Development and Validation of a Prognostic Model Based on Endoplasmic Reticulum Stress-related lncRNAs in Breast Cancer

Mingfei Chu¹Xialing Shi¹Baojun Huang¹Mengfei Chen^2*

• ¹Department of Surgical Oncology and General Surgery, The First Hospital of China Medical University, China Medical University, Shenyang, China
• ²Department of Sterile Supply, The First Affiliated Hospital of Shandong Second Medical University, Weifang People's Hospital, Weifang, China, Weifang People's Hospital, Weifang, Shandong Province, China

ABSTRACT Background: Breast cancer (BC), recognized as the most prevalent malignant tumor among women, has emerged as a critical global public health concern.
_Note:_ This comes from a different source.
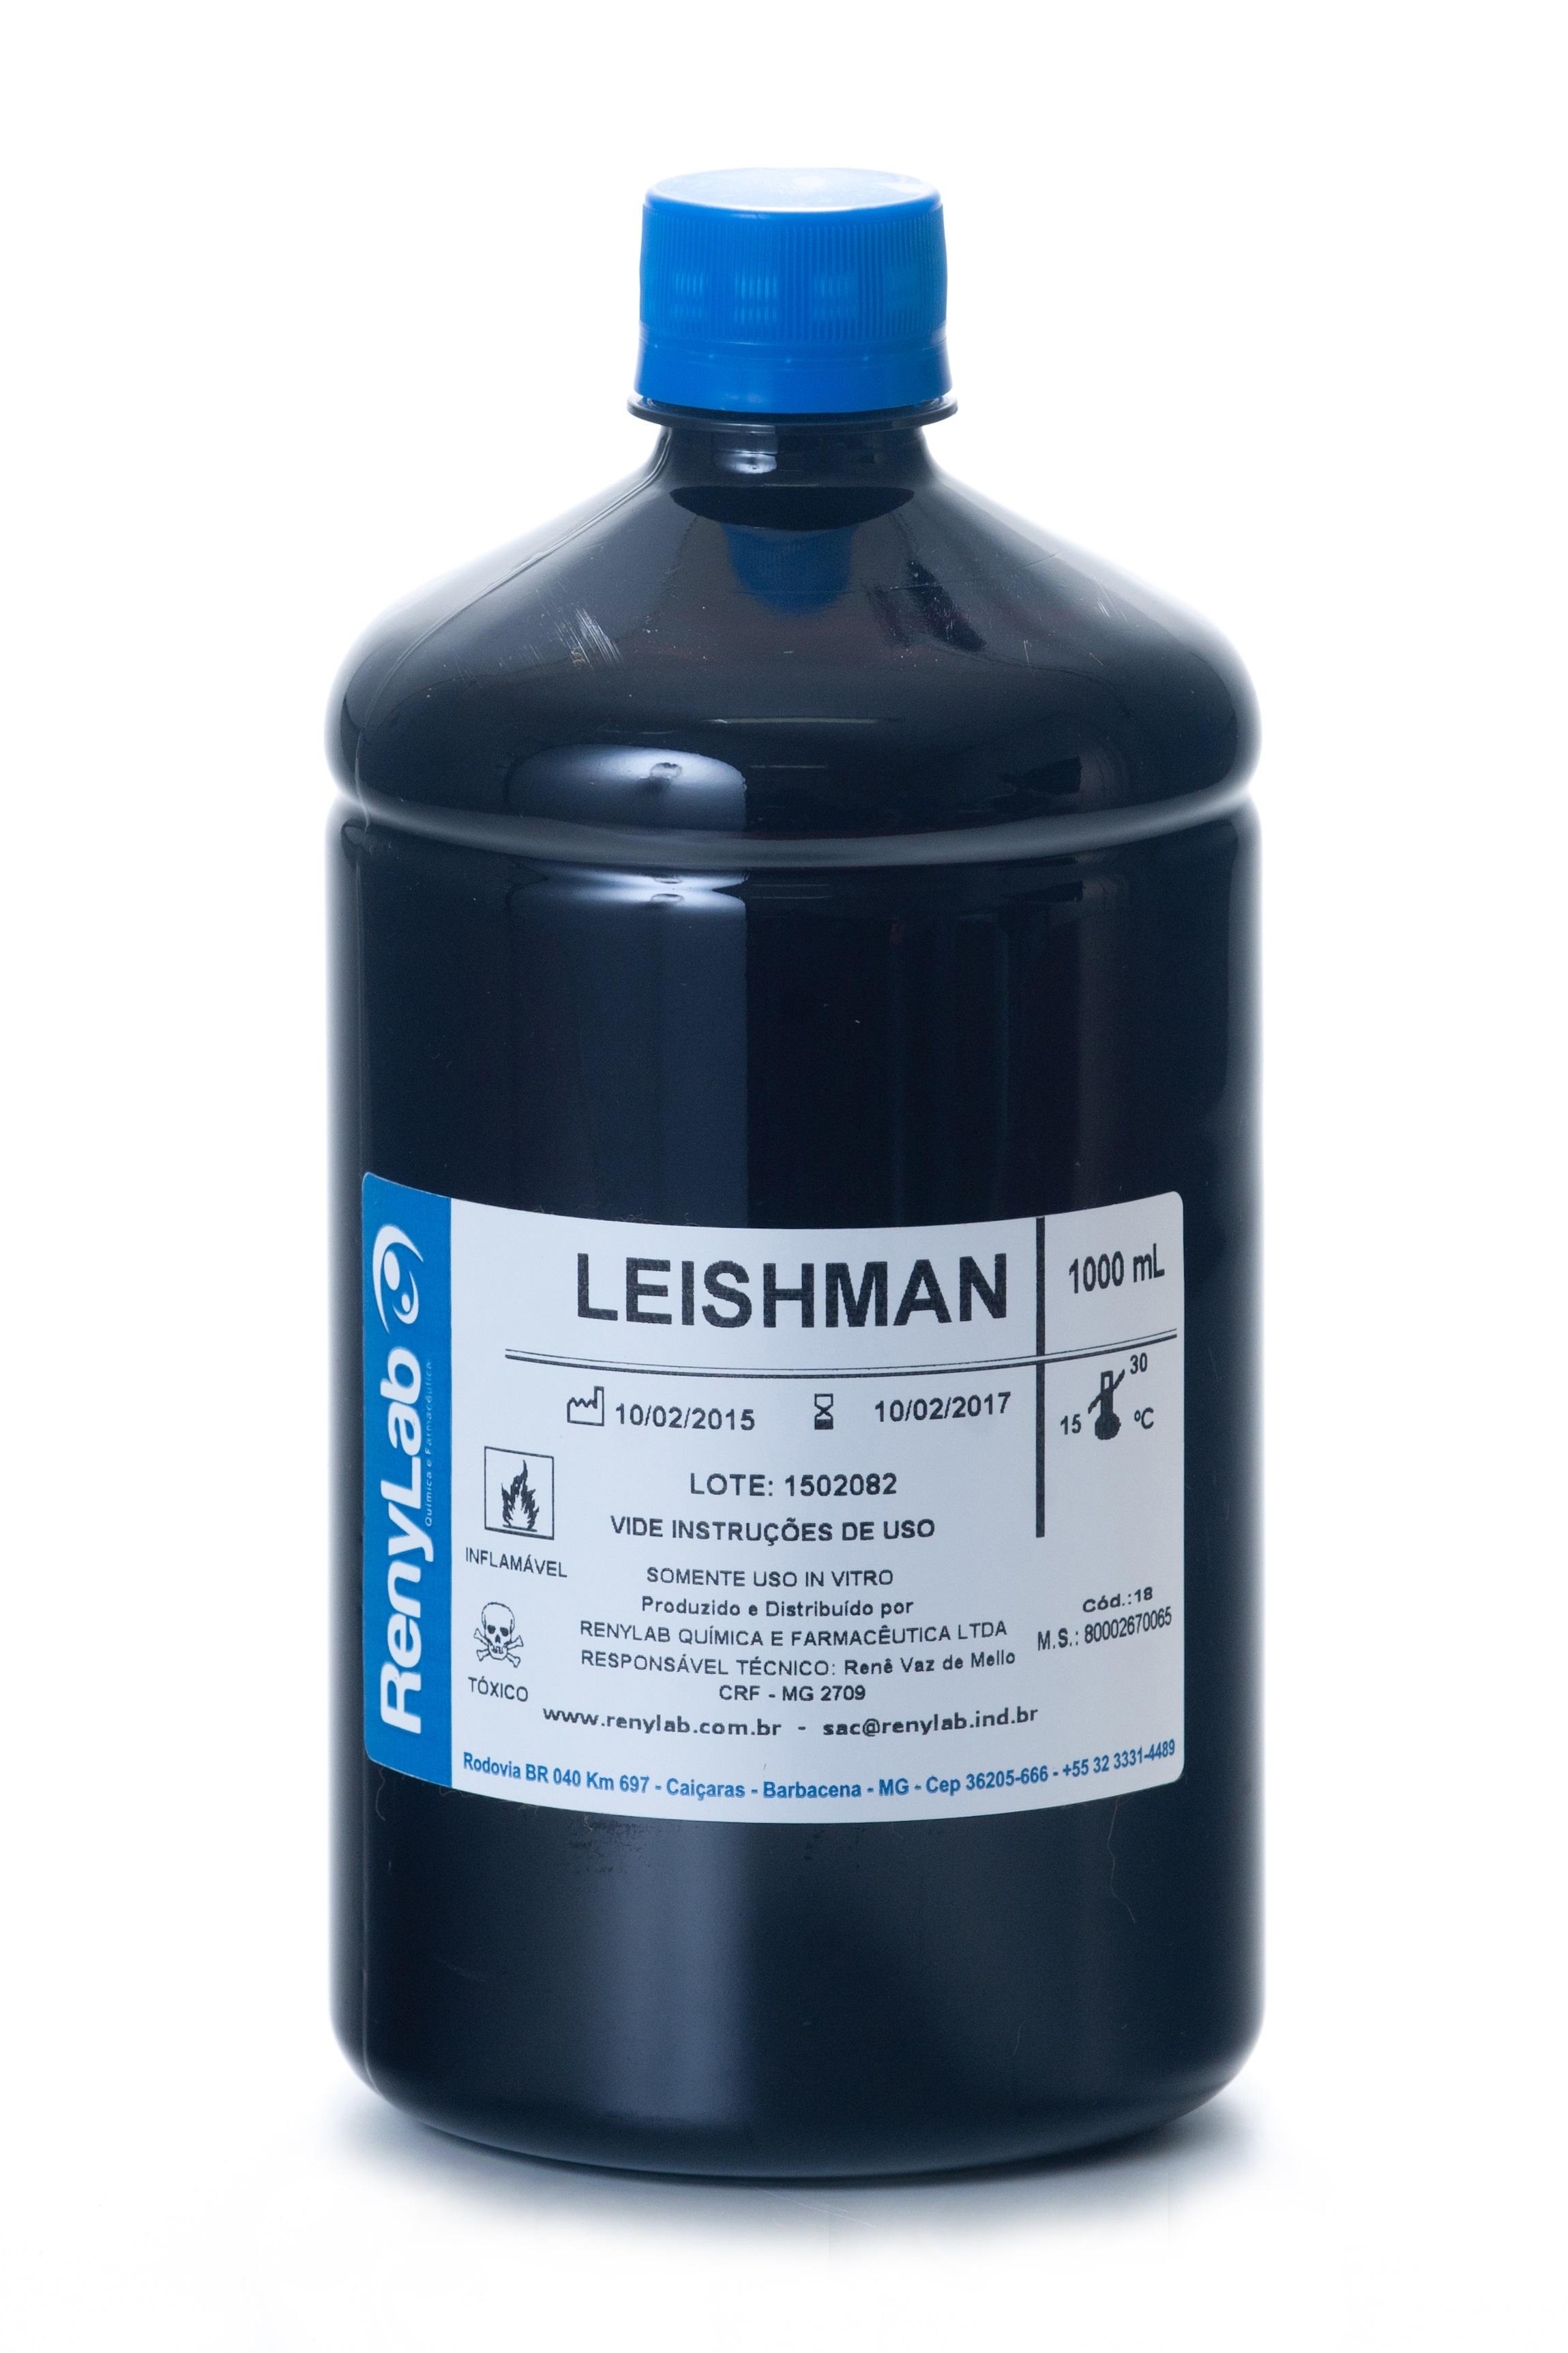 Leishman

Increasing evidence indicates that long non-coding RNAs (lncRNAs) are essential regulators in the initiation, development, and progression of BC, influencing tumor biology through diverse molecular mechanisms. Despite these advances, the specific prognostic significance of endoplasmic reticulum (ER) stress (ERS)-related lncRNAs in BC remains largely unexplored, and no comprehensive study has yet been reported in this context. Methods: In this study, we utilized high-throughput BC data from the TCGA database to identify ERS-related lncRNAs that are strongly associated with patient survival and prognosis. Based on these findings, we developed a risk model consisting of six ERS-related lncRNAs within the TCGA cohort, which demonstrated independent prognostic value for BC patients. We further examined the association of this model with clinical outcomes, the tumor microenvironment (TME), immune cell infiltration, and the predictive potential of immune checkpoint expression. In addition, we conducted functional analyses to explore the signaling pathways and biological processes regulated by ERS-related lncRNAs, providing new insights into their role in BC progression and prognosis. Results: The prognostic model constructed from six ERS-related lncRNAs demonstrated strong predictive performance, with AUC values of 0.702, 0.707, and 0.676 for estimating survival at 1, 3, and 5 years, respectively. Kaplan-Meier survival analyses further revealed that patients in the high-risk group exhibited significantly poorer overall survival (OS) compared to those in the low-risk group. Gene set enrichment analysis (GSEA) indicated that the prognostic model may be functionally linked to pathways involving the extracellular matrix (ECM) and focal adhesions. Among the six ERS-related lncRNAs, LMNTD2-AS1 was selected for functional validation, and experimental results demonstrated that its knockdown suppressed the proliferation, migration, and invasion abilities of breast cancer cells. Conclusions: Overall, our ERS-related lncRNA risk signature not only provides valuable prognostic insights but may also serve as a potential therapeutic target and biomarker to improve the management and treatment strategies for BC patients.